** Task requirements **
The answer must consist solely of the lines below starting at the one containing "This is an antique" and ending at the one containing "Displays a desirable", repeated exactly, with both ends included and all pictures omitted.

** The data **

####

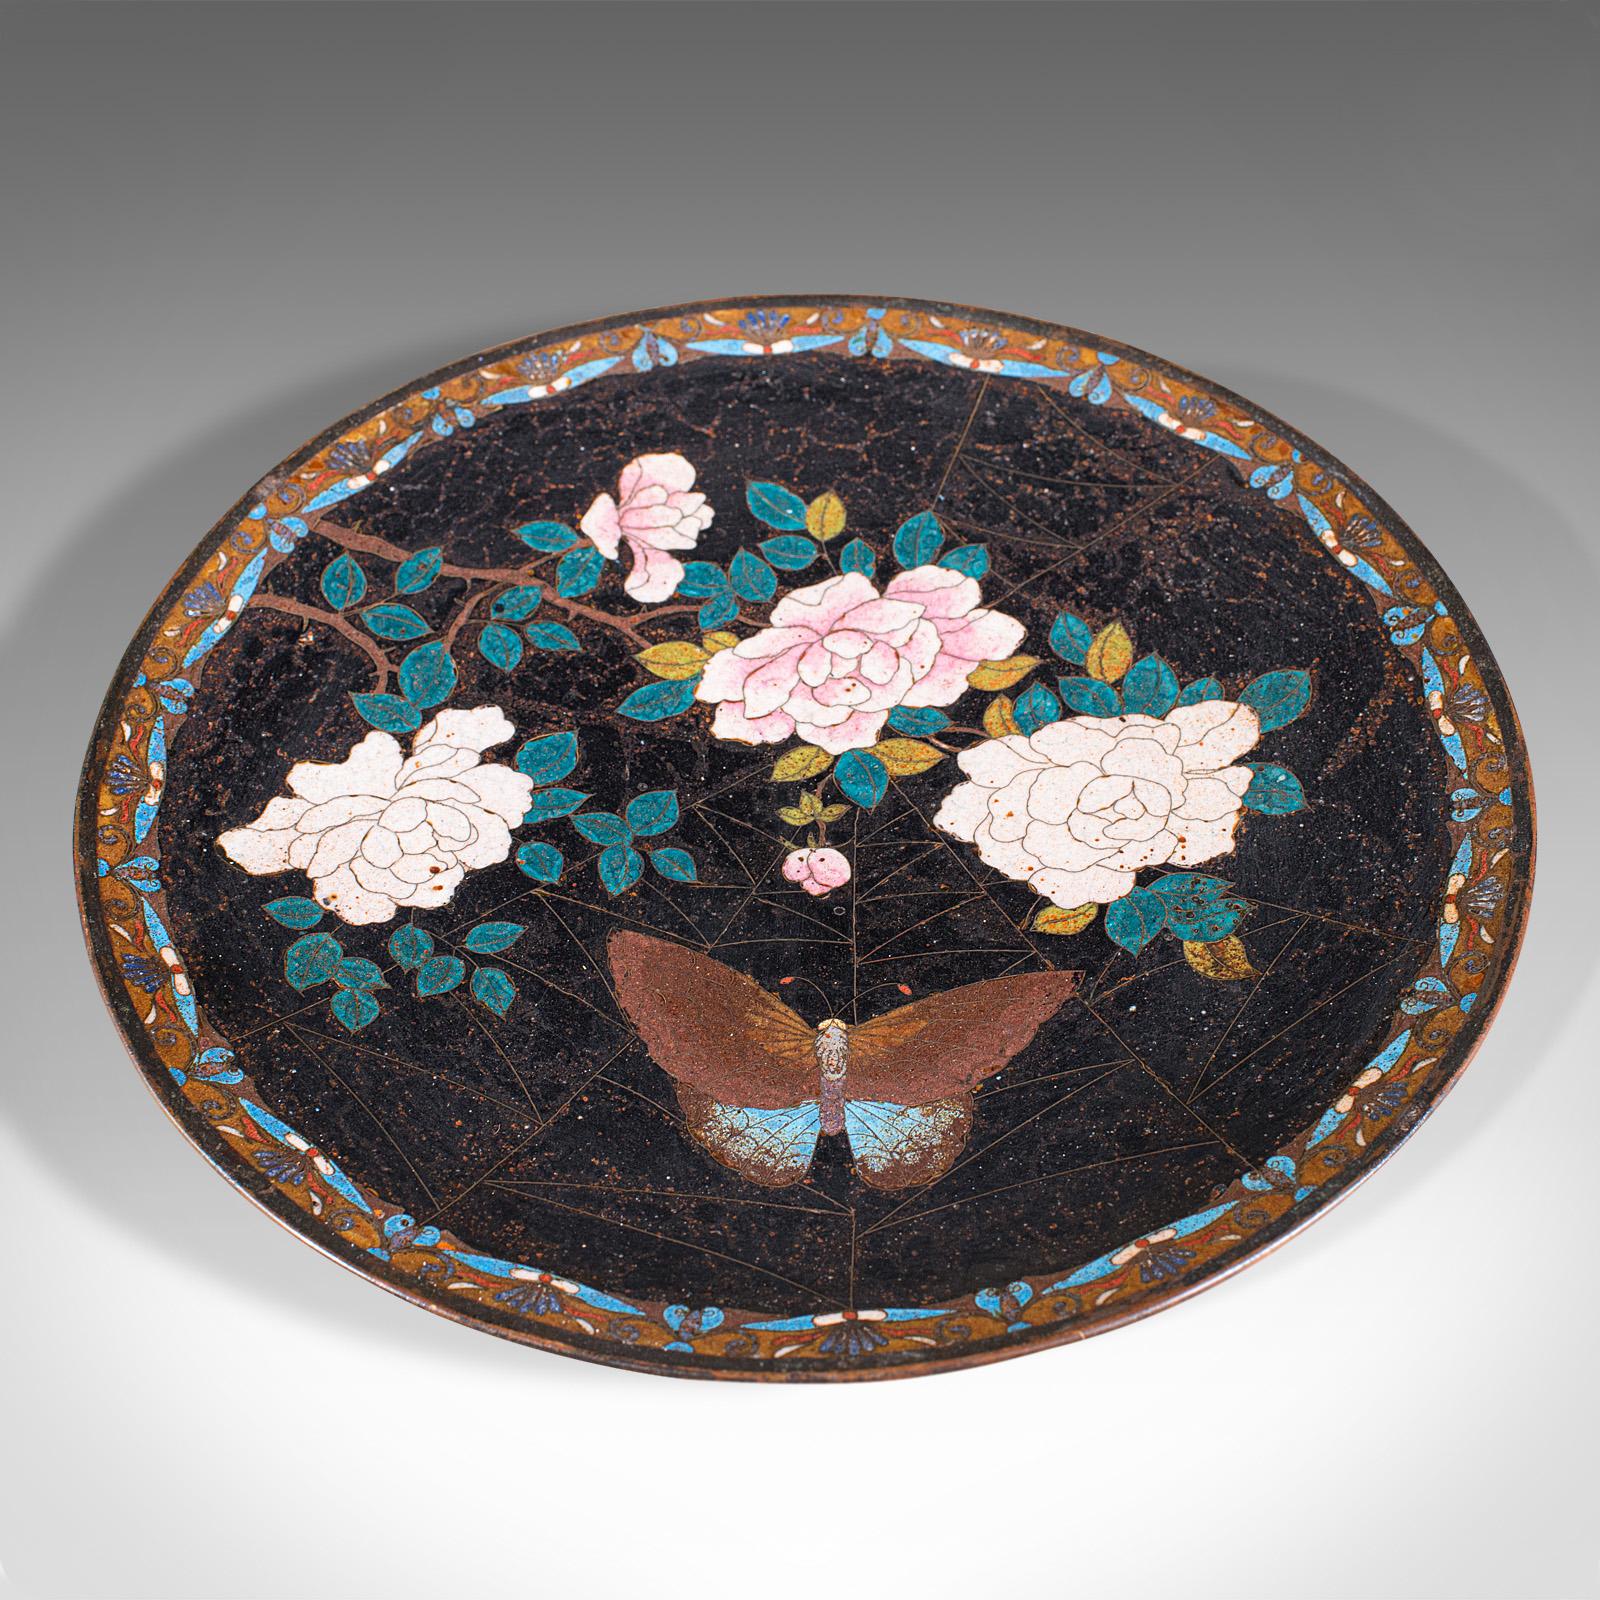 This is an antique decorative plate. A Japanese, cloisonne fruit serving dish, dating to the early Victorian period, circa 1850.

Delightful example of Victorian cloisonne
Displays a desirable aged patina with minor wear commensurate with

####

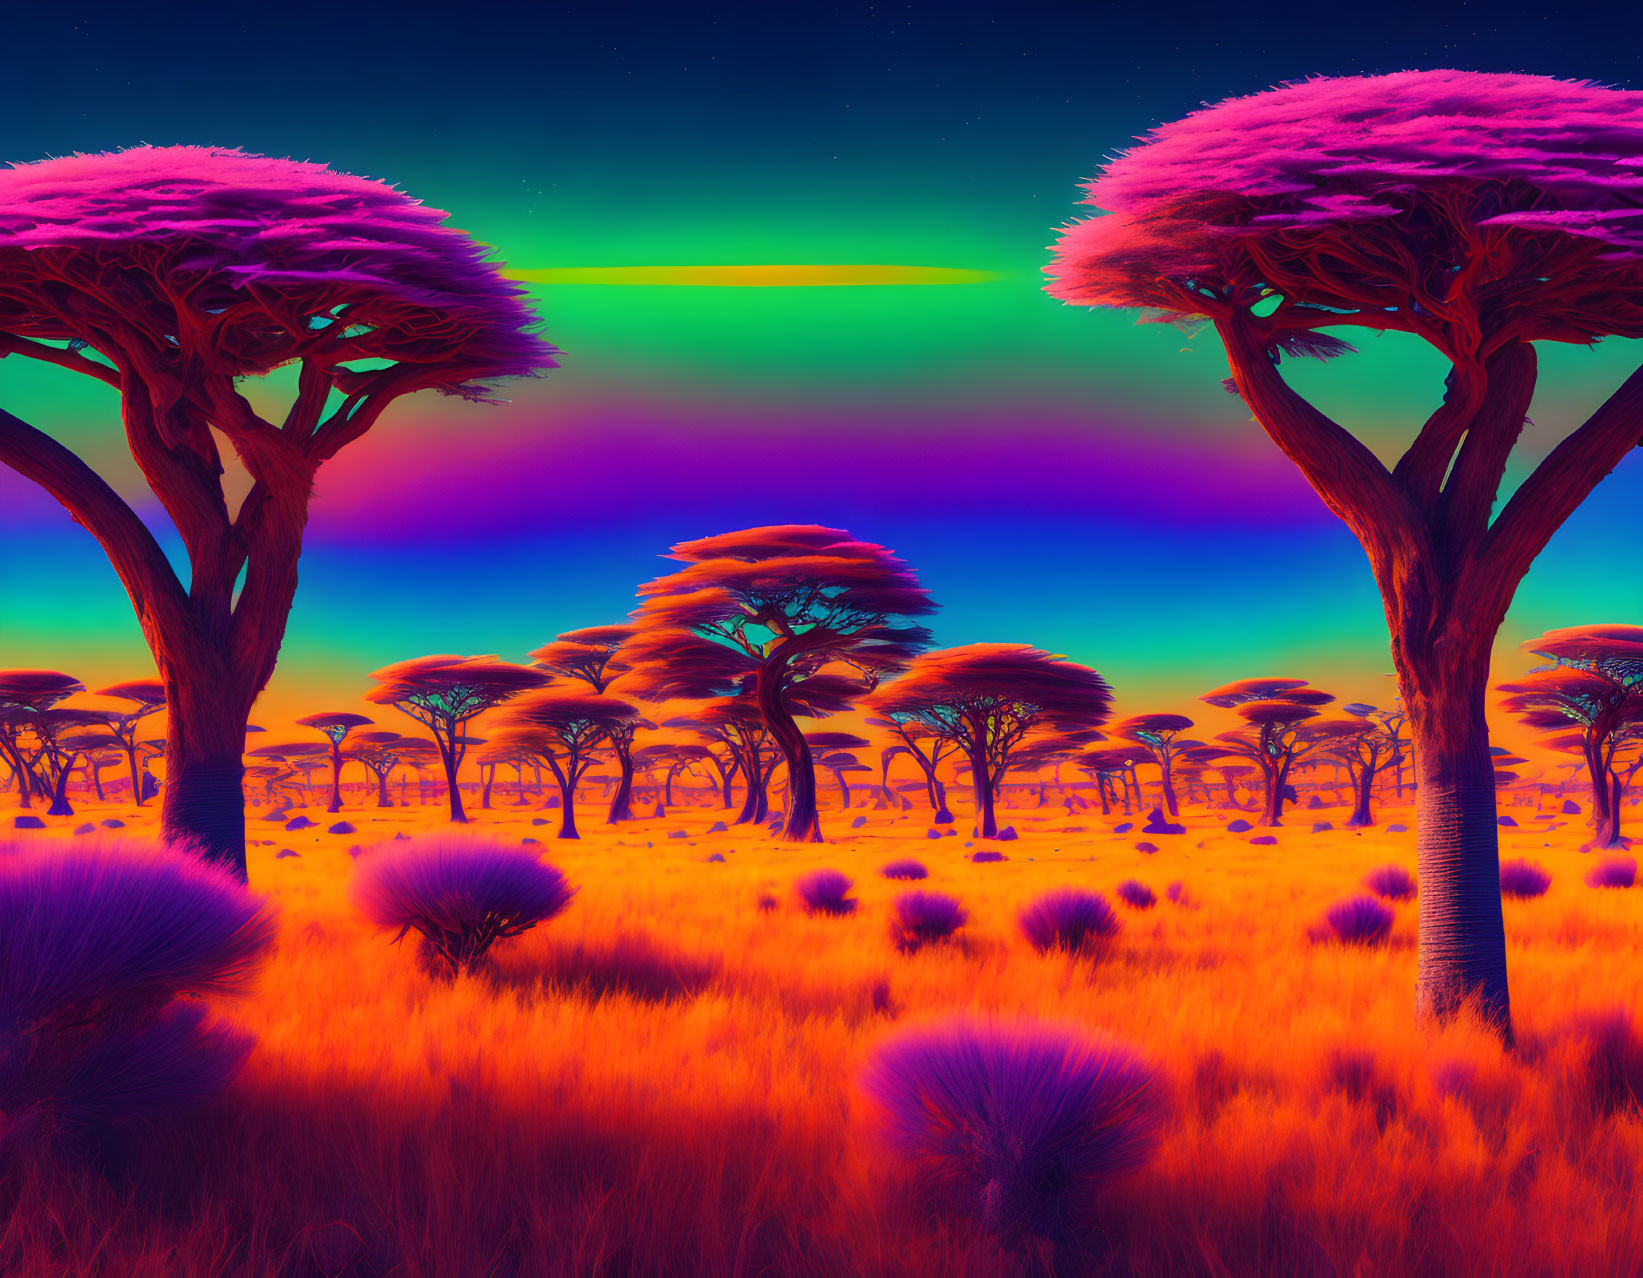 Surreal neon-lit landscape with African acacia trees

####

** Result of the task **
 This is an antique decorative plate. A Japanese, cloisonne fruit serving dish, dating to the early Victorian period, circa 1850.

Delightful example of Victorian cloisonne
Displays a desirable aged patina with minor wear commensurate with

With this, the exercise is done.